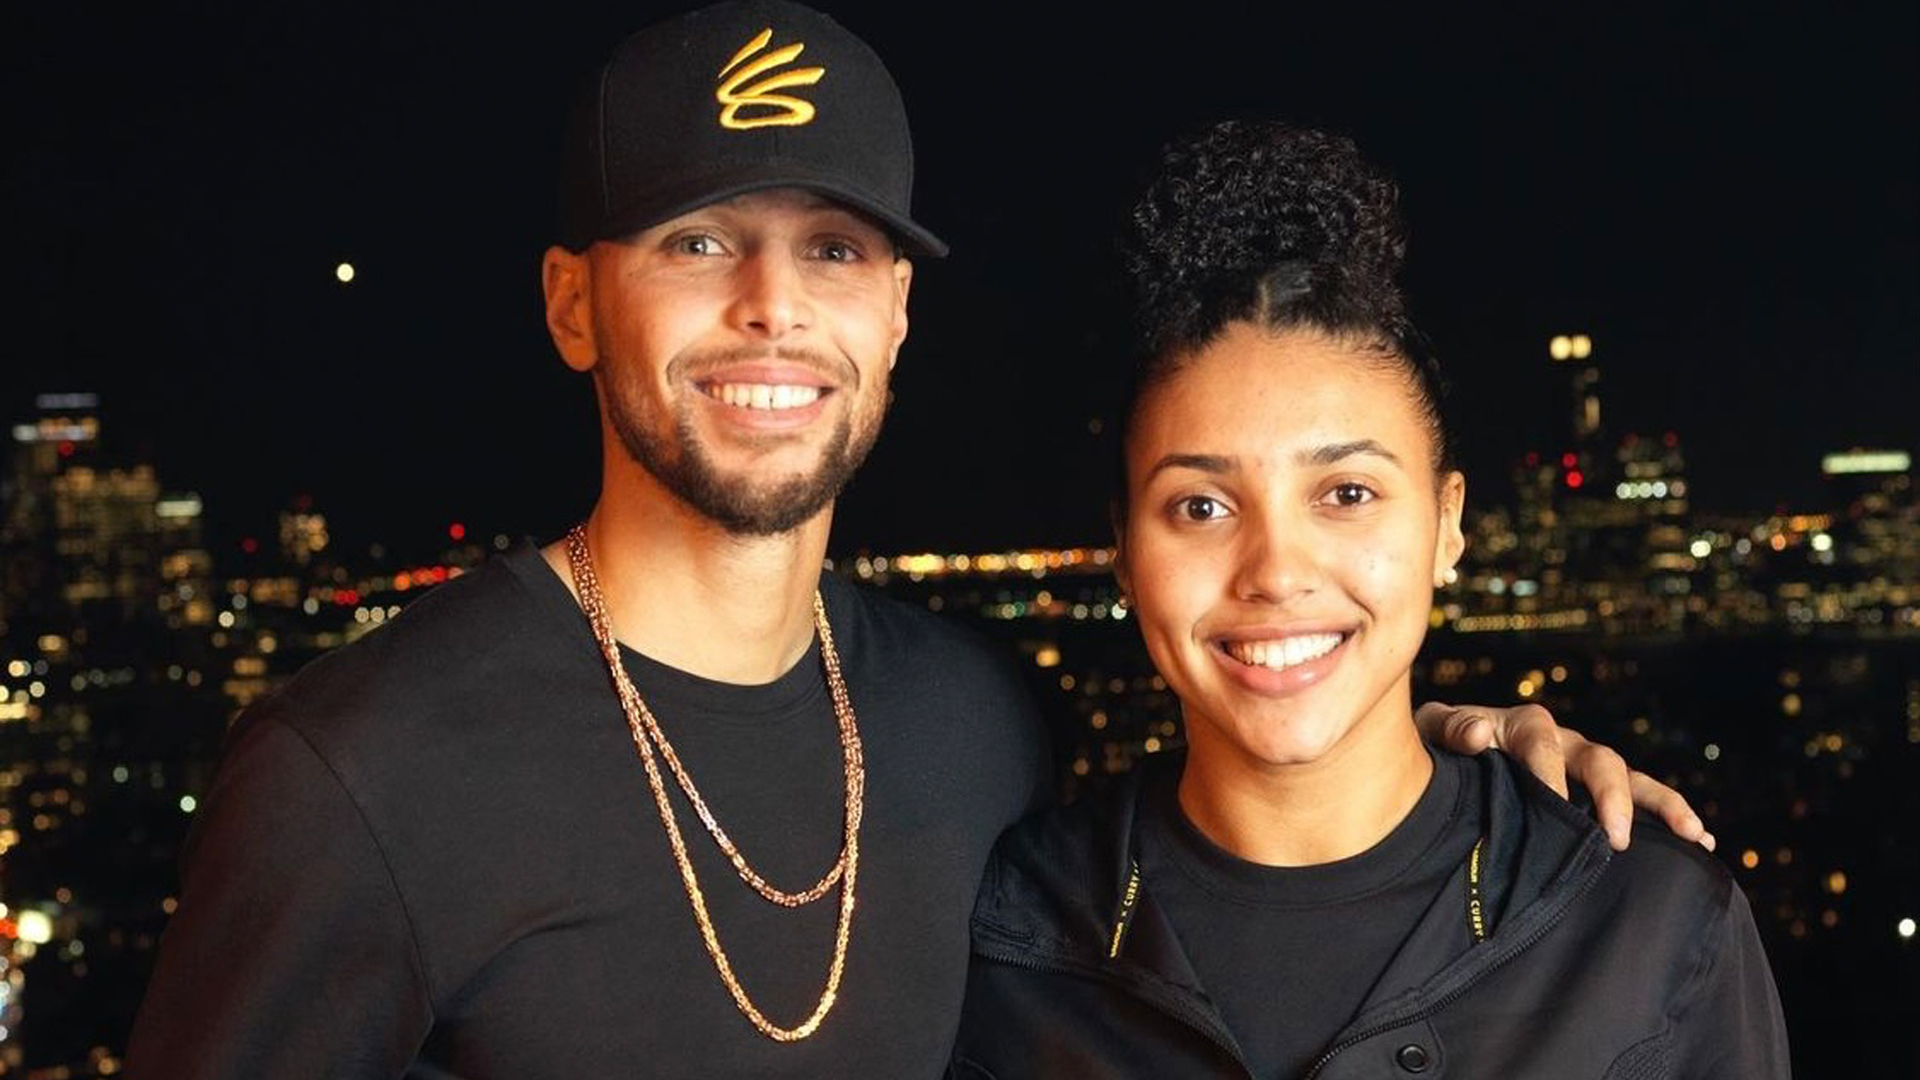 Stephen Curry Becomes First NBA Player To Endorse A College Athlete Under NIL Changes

---

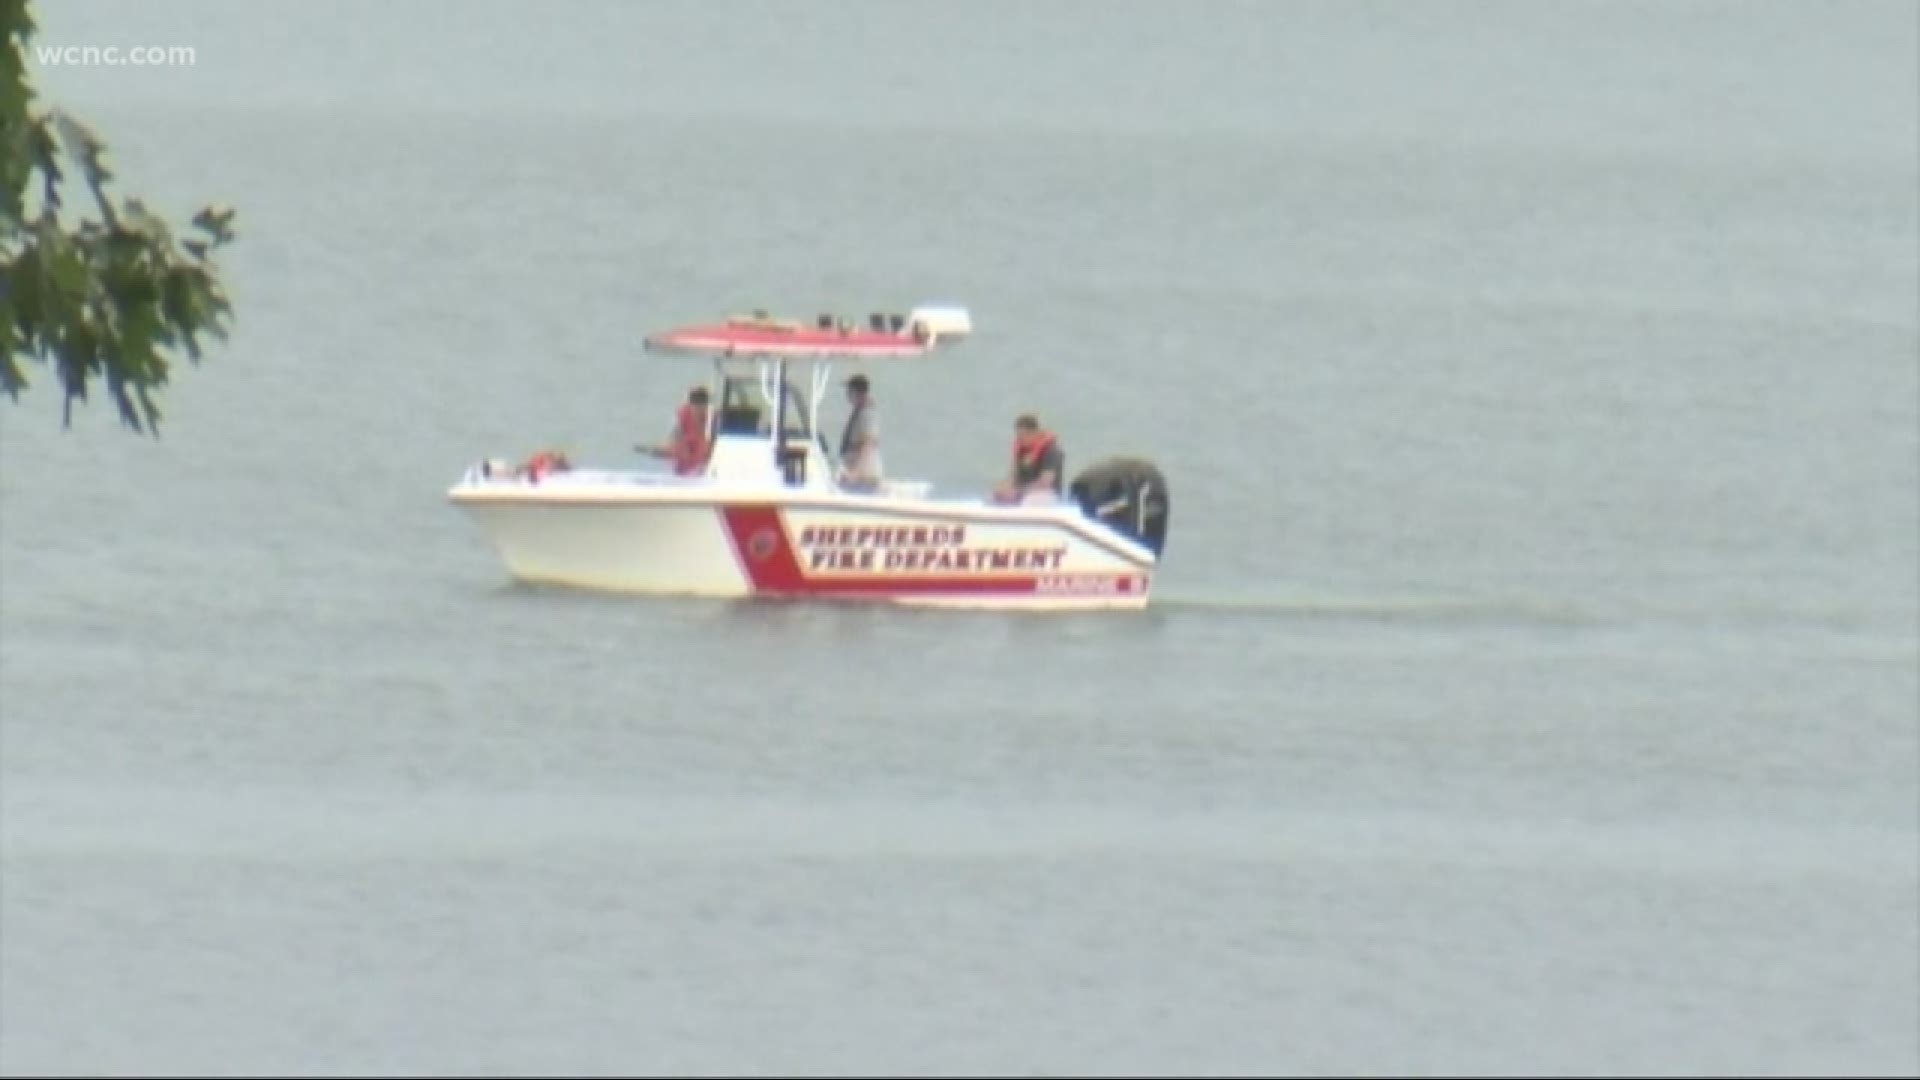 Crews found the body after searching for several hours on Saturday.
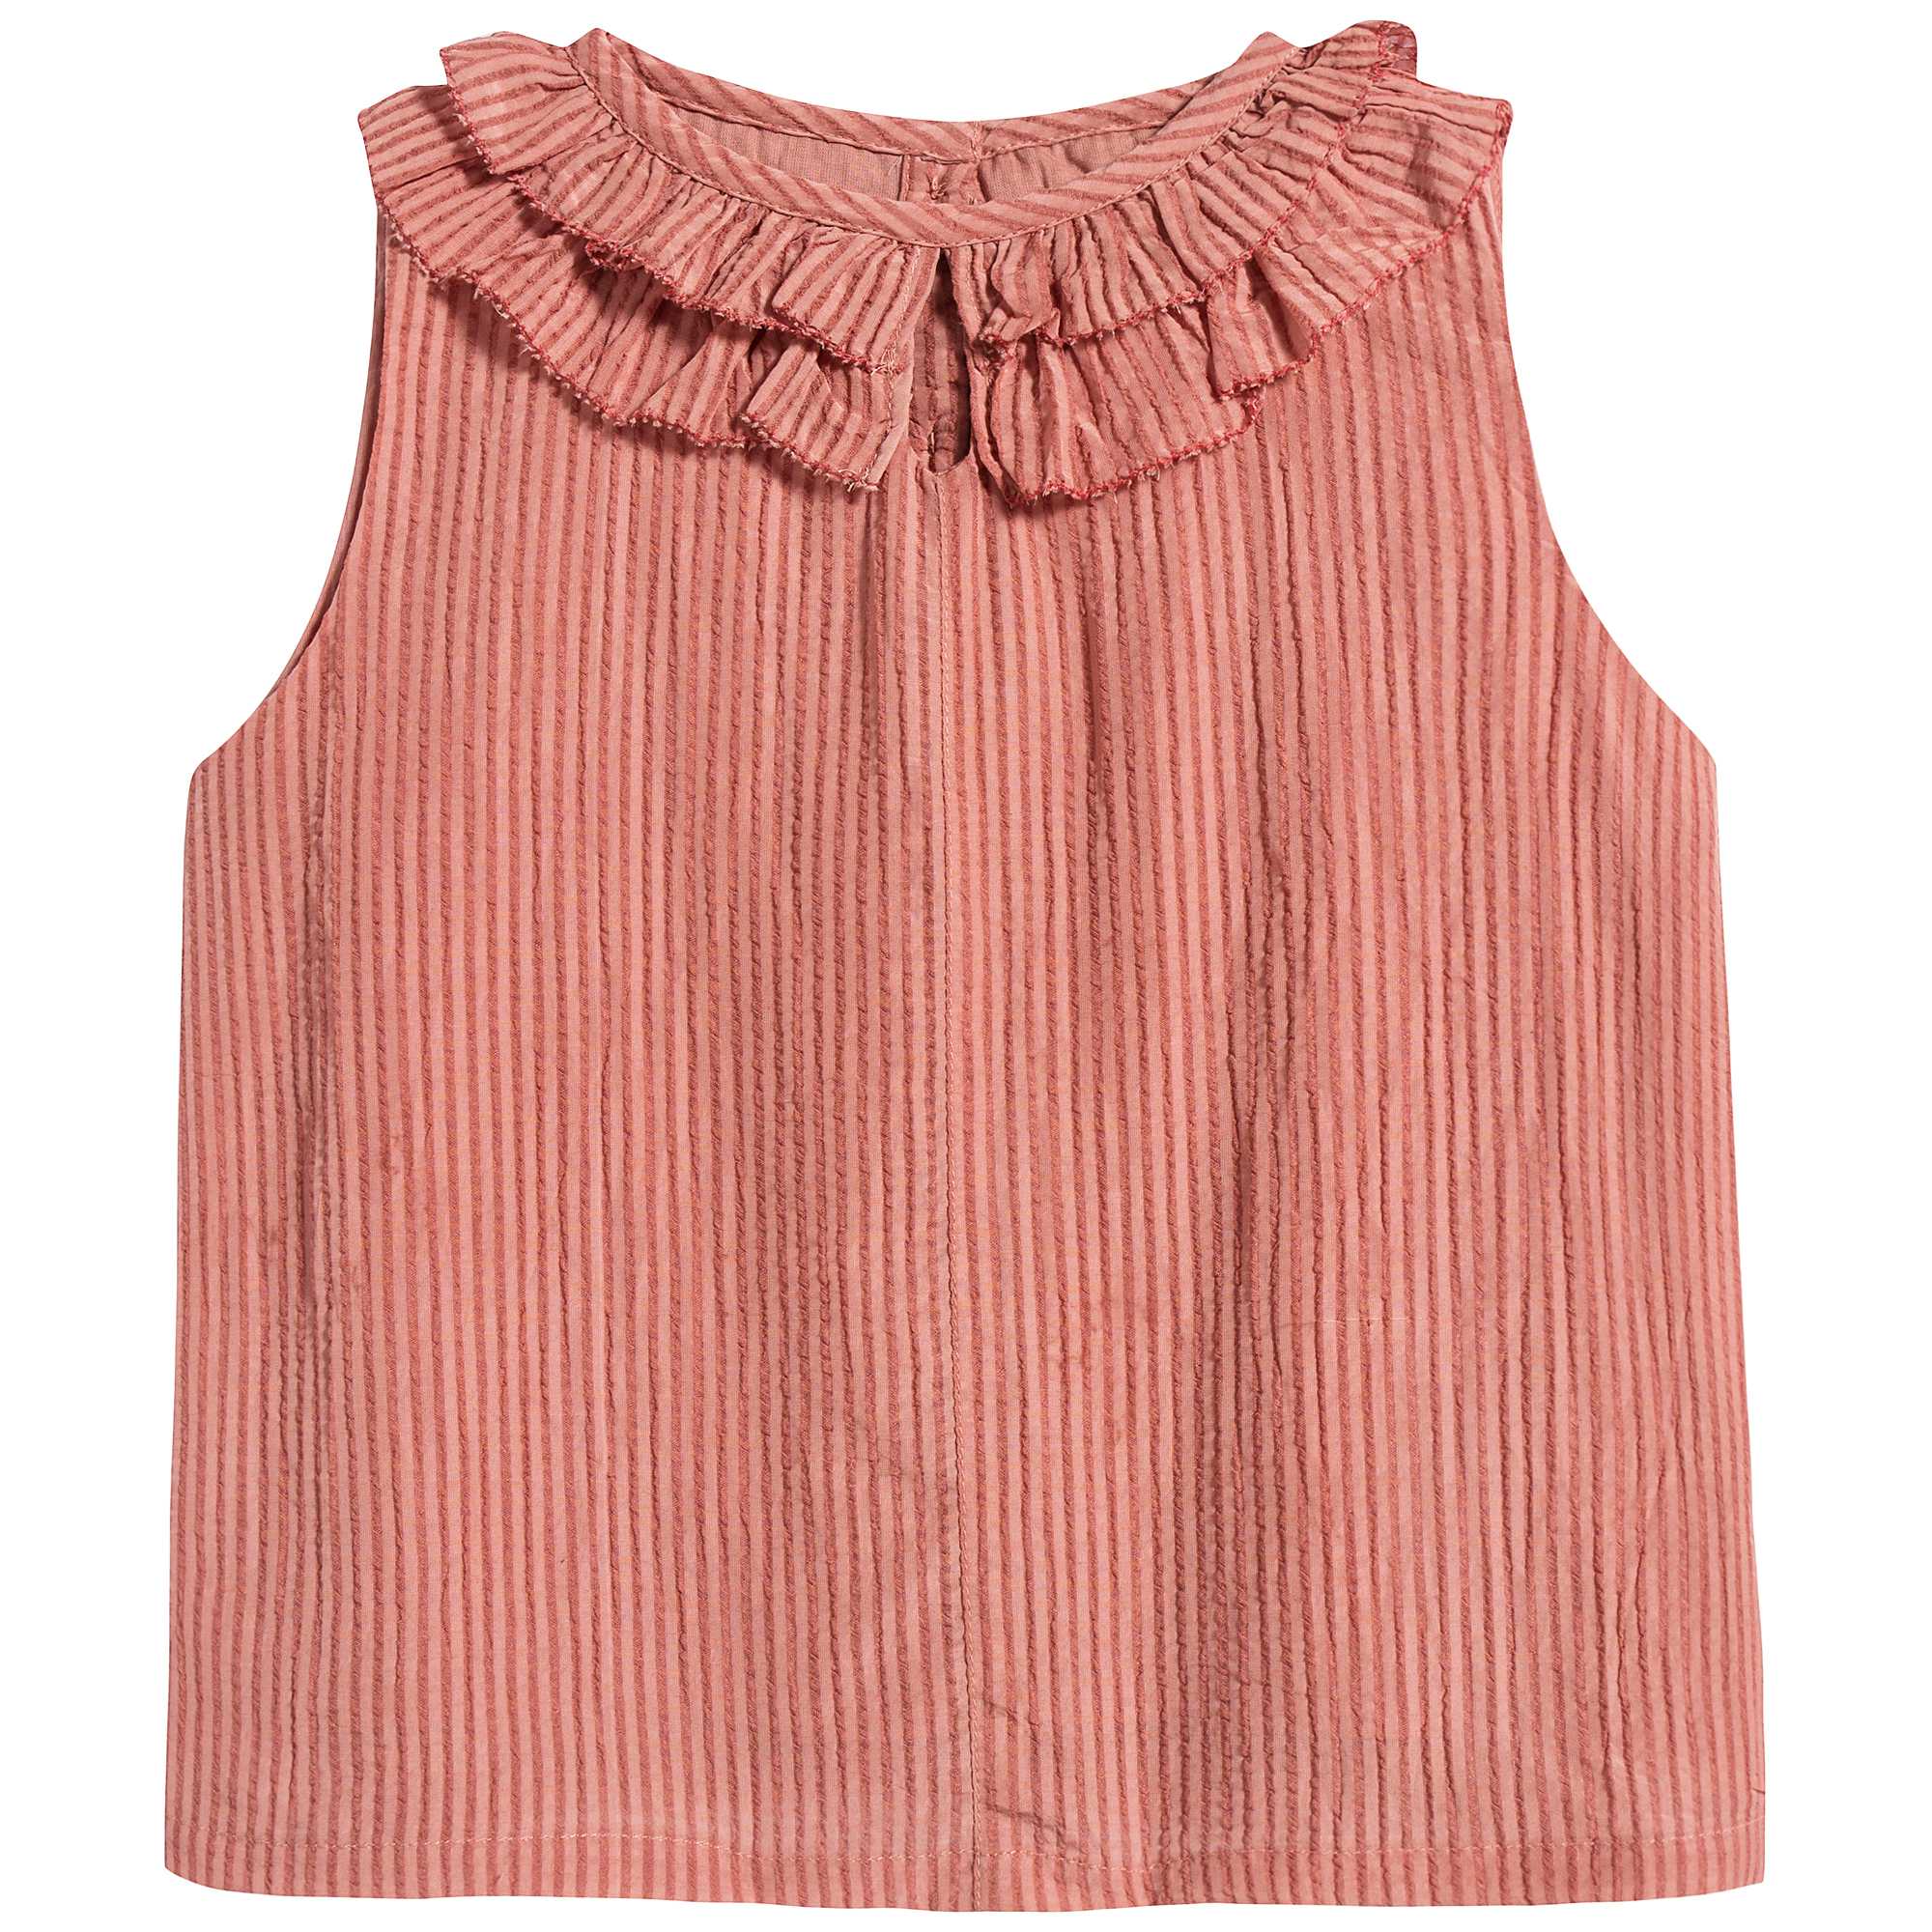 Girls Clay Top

ACTION ITEM: For the data above, set down exactly the lines from the line with "Crews found the" to the line with "Girls Clay Top", both included, leaving pictures out.

SOLUTION BELOW:
 Crews found the body after searching for several hours on Saturday.
 Girls Clay Top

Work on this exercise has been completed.